Hard to put that genie in the bottle once it is released. A simple printing press will unleash all sorts of changes throughout the Empire, and also the Time Traveller can release all sort of tech in such a way that it doesn't trace back to him, he could just feint innocence and say such in such an invention must have been made independently of him. He could draw up designs of a schooner and give it to a merchant, he could make a magnetic compass, make some black powder and a steel pipe and give it to a blacksmithmto figure out what he could do with it. Place enough breadcrumbs in front of people and they will figure it out themselves. The generals will be happy to have these new weapons and win some battles, they aren't going to complain about devaluing slaves, in the battles they win they can take some more slaves that will more than compensate them. Guns will change the battlefield, and a telegraph is a simple device, it allows for communication across long distances and can hold the Empire together, the Emperor will be pleased about that!
 
If the time traveler wants to just impress the Romans, the easiest way to do that is show up in public in the scout ship. Float overhead, maybe at a large battle, and obliterate the opposing side. A nice 1 or 2 KT nuke into the enemy such that the Romans survive it, or some laser fire (visible or invisible in terms of being able to see the beam) that wipes the Roman's enemies out would pretty much cinch the deal. That'd leave little doubt in anyone's mind about who has power to do what and be listened to.
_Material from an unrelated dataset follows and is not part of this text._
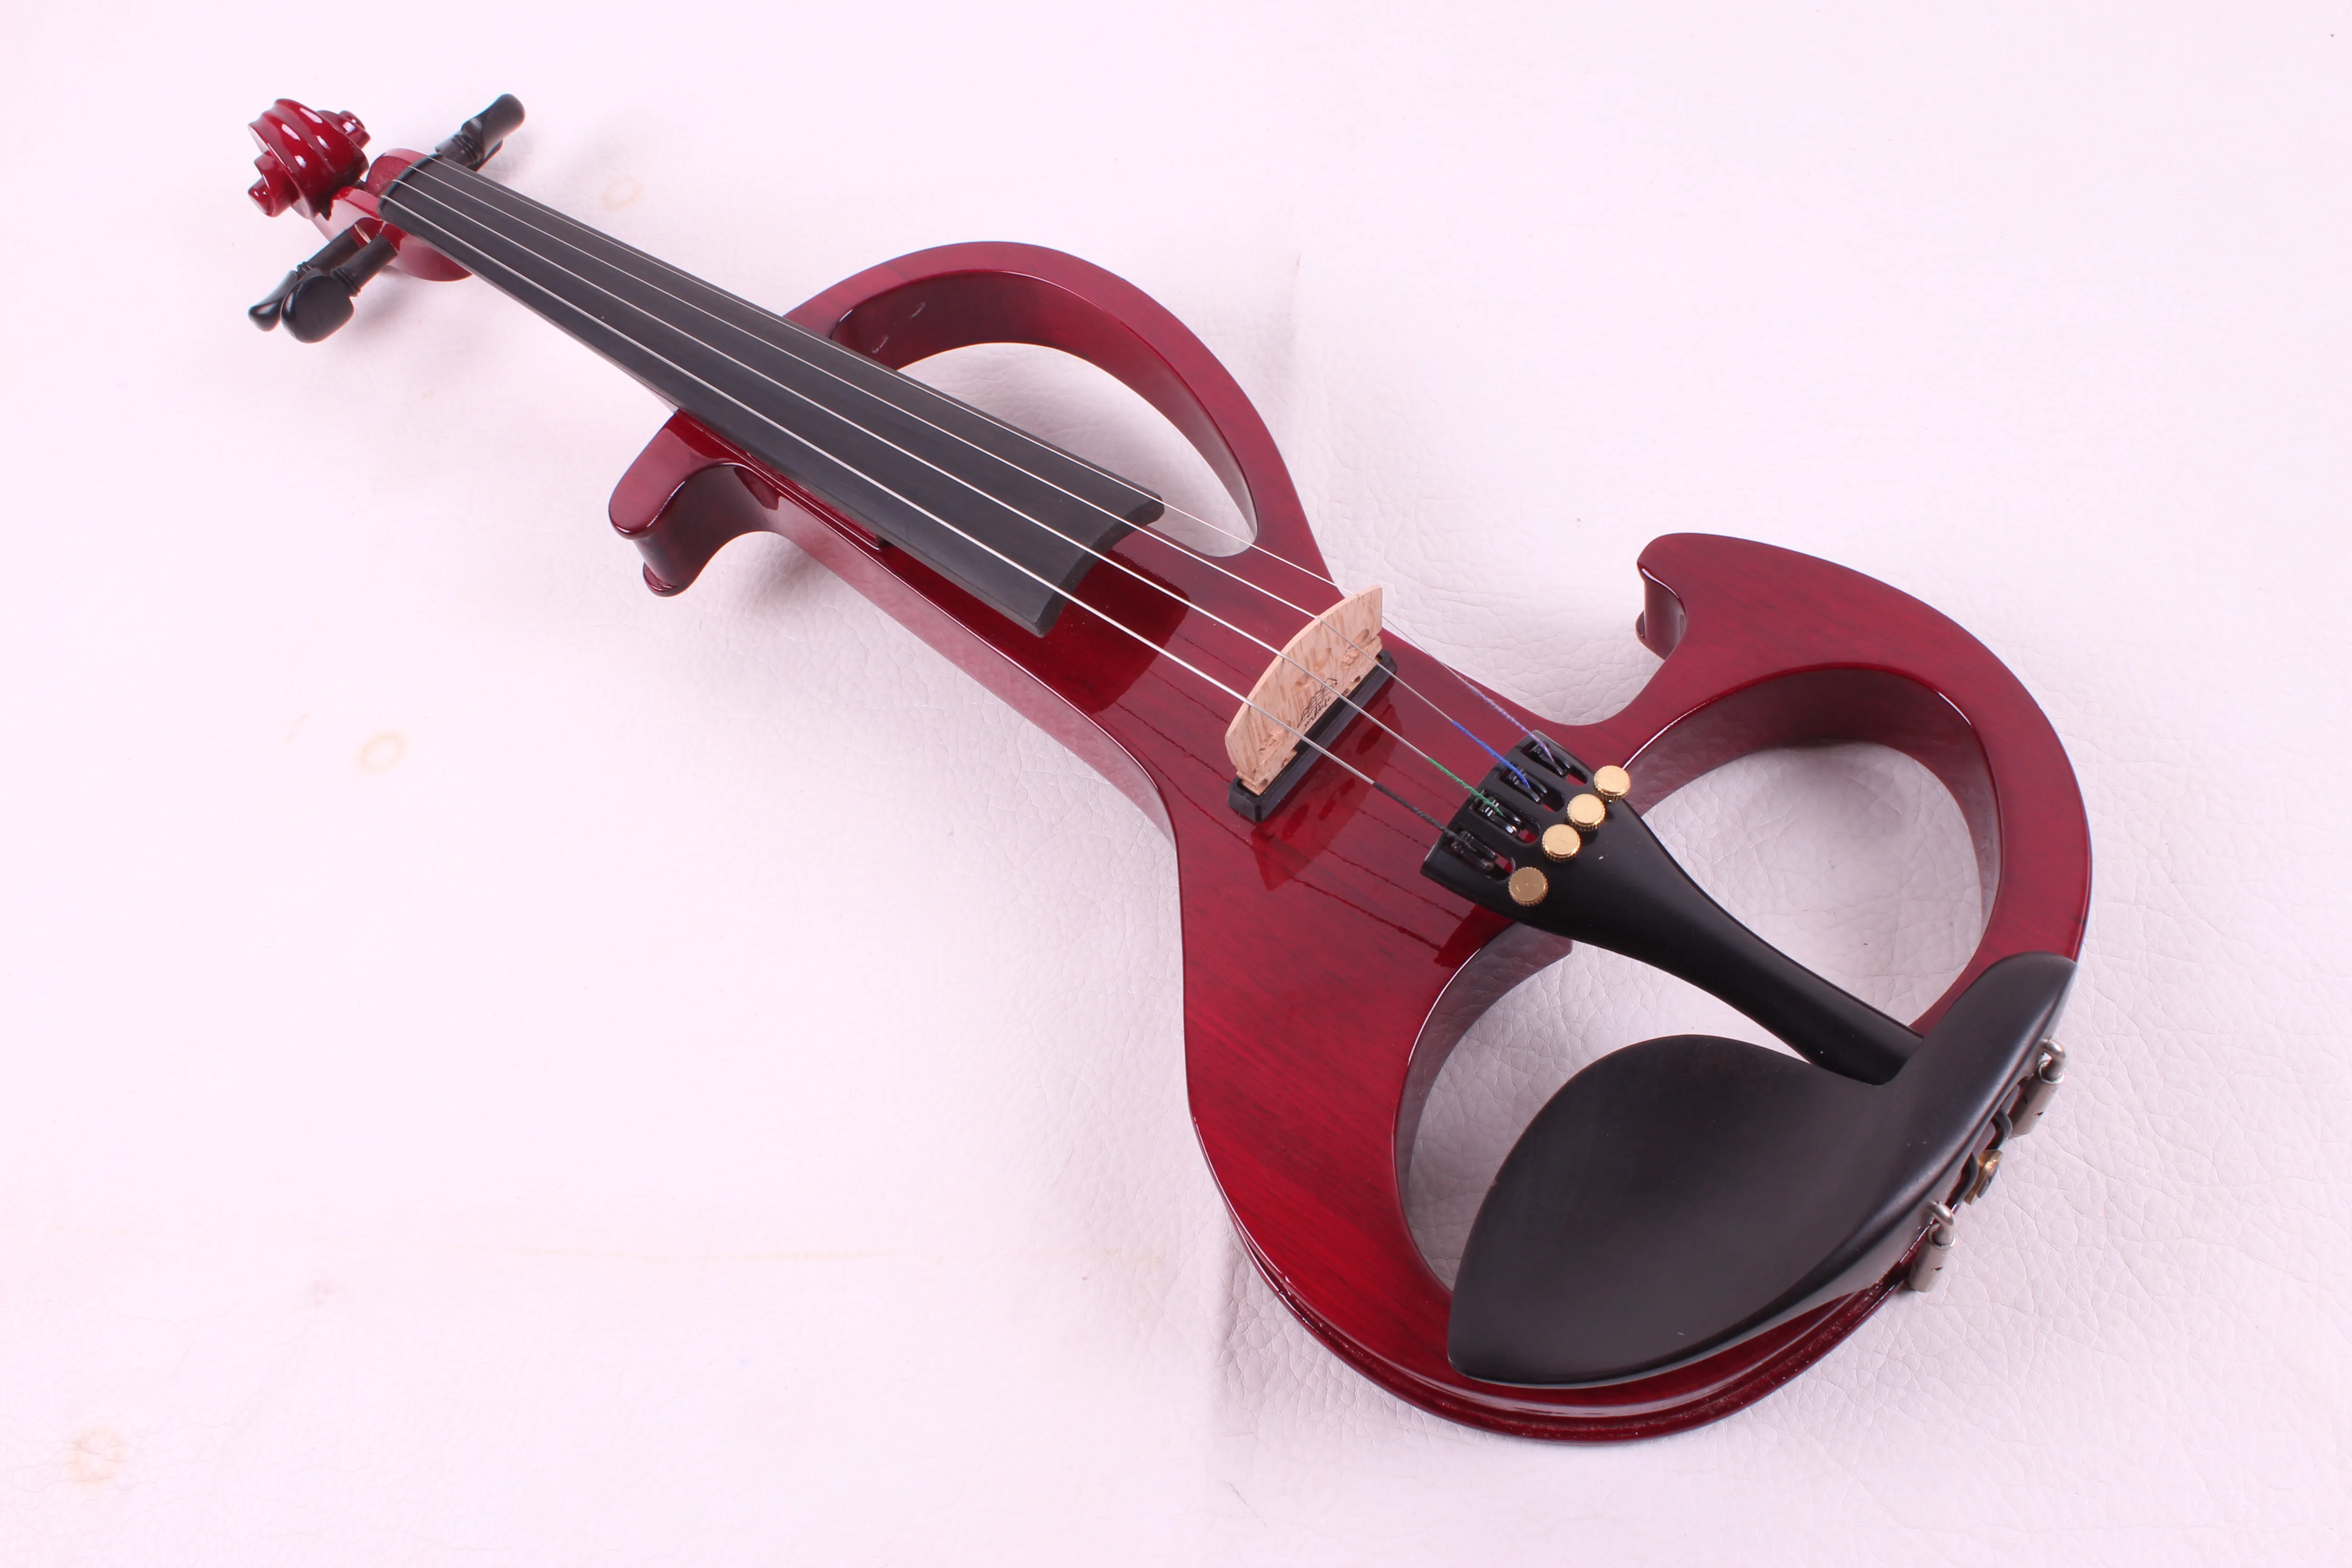 Yinfente 4 string RED Electric Тихая скрипка 4/4 натуральное дерево Бесплатный чехол + лук # EV5

It'd be a bit of playing god really. You never let them actually see you. Instead everything is done in the guise of the ship appearing and offering stuff that the Romans are told they will do [/i]or else![/i] Edicts from what's obviously, to them, a god goes a long way to motivate them to comply without much or any resistance.
 
I'd start with a disruptive technology that the Romans won't recognize as a Trojan Horse.

The printing press, publishing during the day maybe a Latin translation of the Iliad, and during the night Fifty Shades of Grey.
 
If the time traveler wants to just impress the Romans, the easiest way to do that is show up in public in the scout ship. Float overhead, maybe at a large battle, and obliterate the opposing side. A nice 1 or 2 KT nuke into the enemy such that the Romans survive it, or some laser fire (visible or invisible in terms of being able to see the beam) that wipes the Roman's enemies out would pretty much cinch the deal. That'd leave little doubt in anyone's mind about who has power to do what and be listened to.

It'd be a bit of playing god really. You never let them actually see you. Instead everything is done in the guise of the ship appearing and offering stuff that the Romans are told they will do [/i]or else![/i] Edicts from what's obviously, to them, a god goes a long way to motivate them to comply without much or any resistance.

Except there is no reason for a Scout ship to have a nuke.
 
I'd start with a disruptive technology that the Romans won't recognize as a Trojan Horse.

The printing press, publishing during the day maybe a Latin translation of the Iliad, and during the night Fifty Shades of Grey.

How about a chemistry textbook with the periodic chart of the elements?